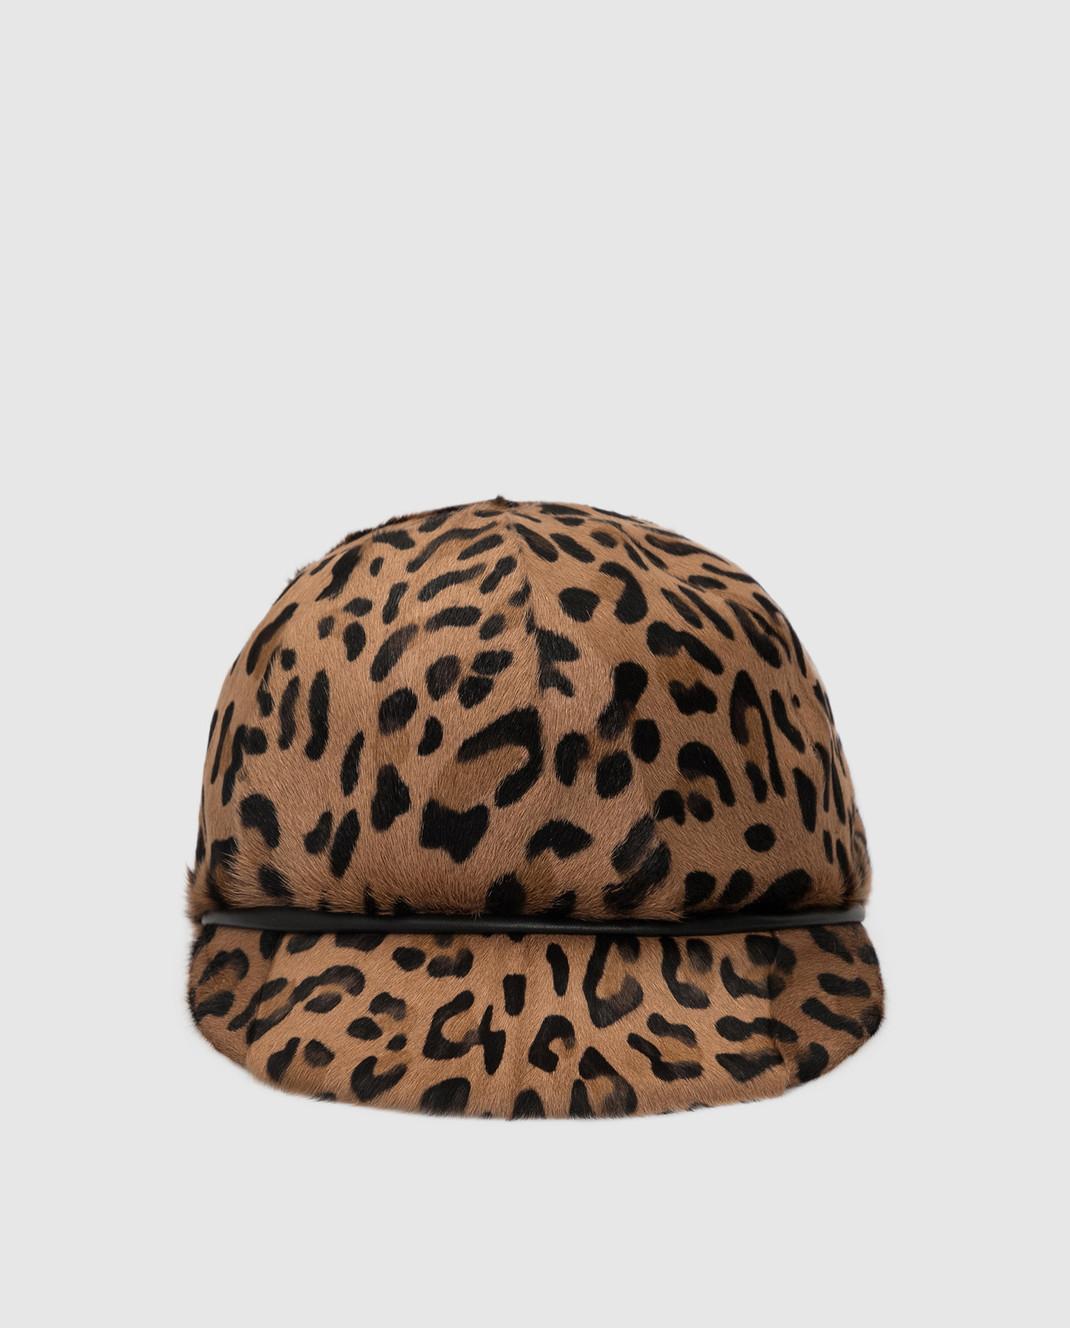 Simonetta Ravizza Бежевая шляпа изображение 1
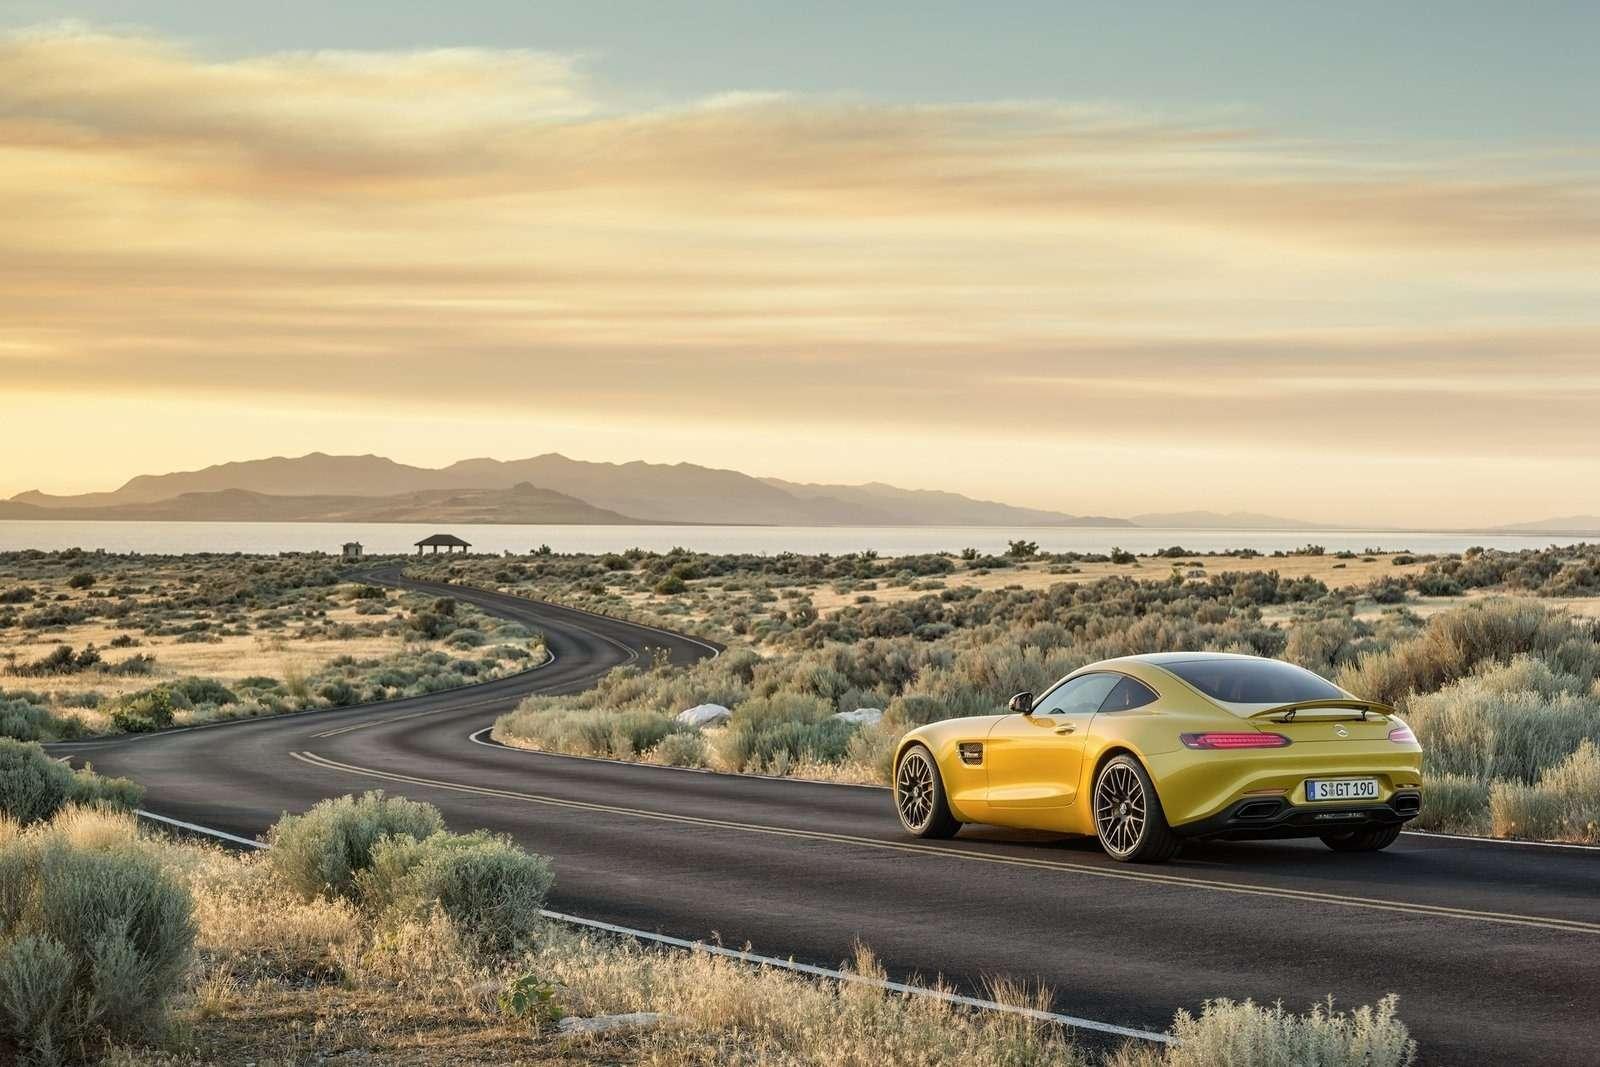 Mercedes-Benz-AMG_GT_2016_1600x1200_wallpaper_0e
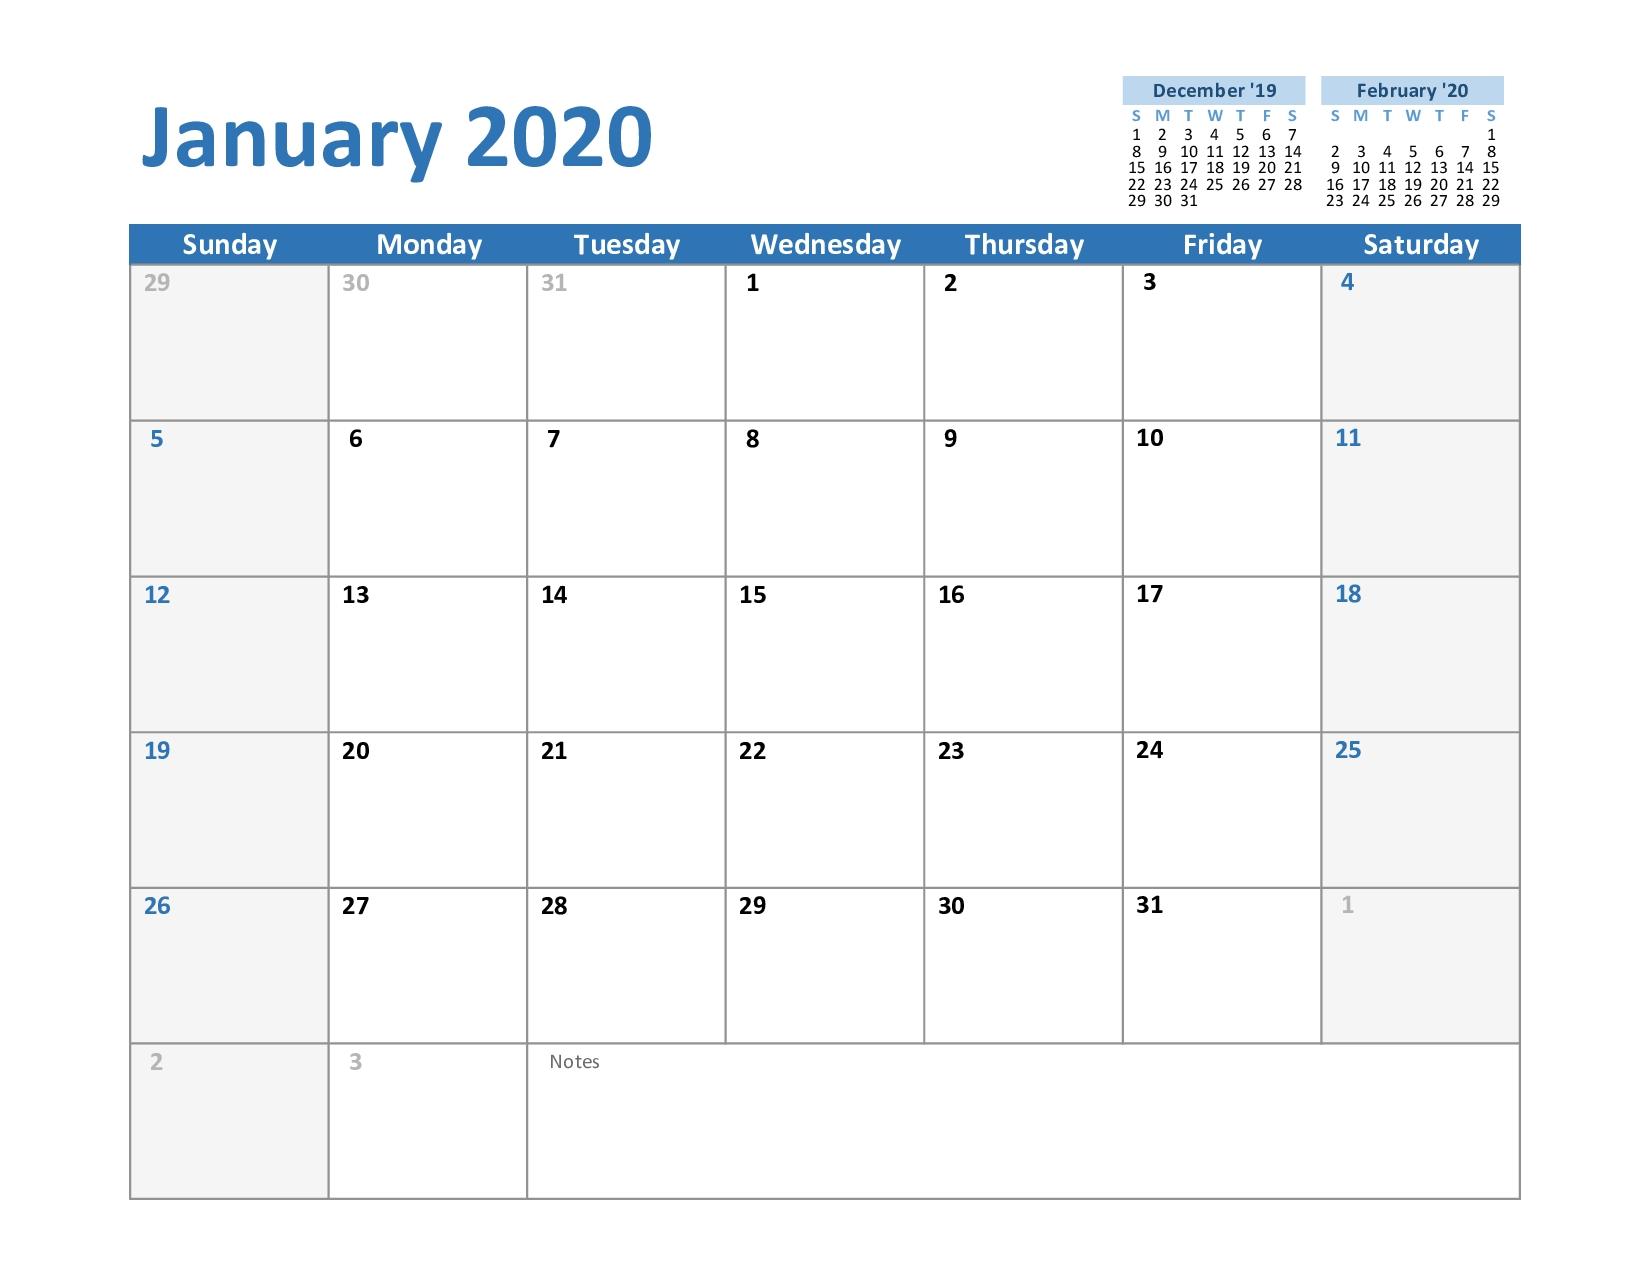 Printable January 2020 Calendar - Free Blank Templates regarding 2020 Employee Attendance Calendar Free

Problem requirements: Retype the full listing exactly; pictures stay out.

Solution to the exercise:
 Simonetta Ravizza Бежевая шляпа изображение 1
 Mercedes-Benz-AMG_GT_2016_1600x1200_wallpaper_0e
 Printable January 2020 Calendar - Free Blank Templates regarding 2020 Employee Attendance Calendar Free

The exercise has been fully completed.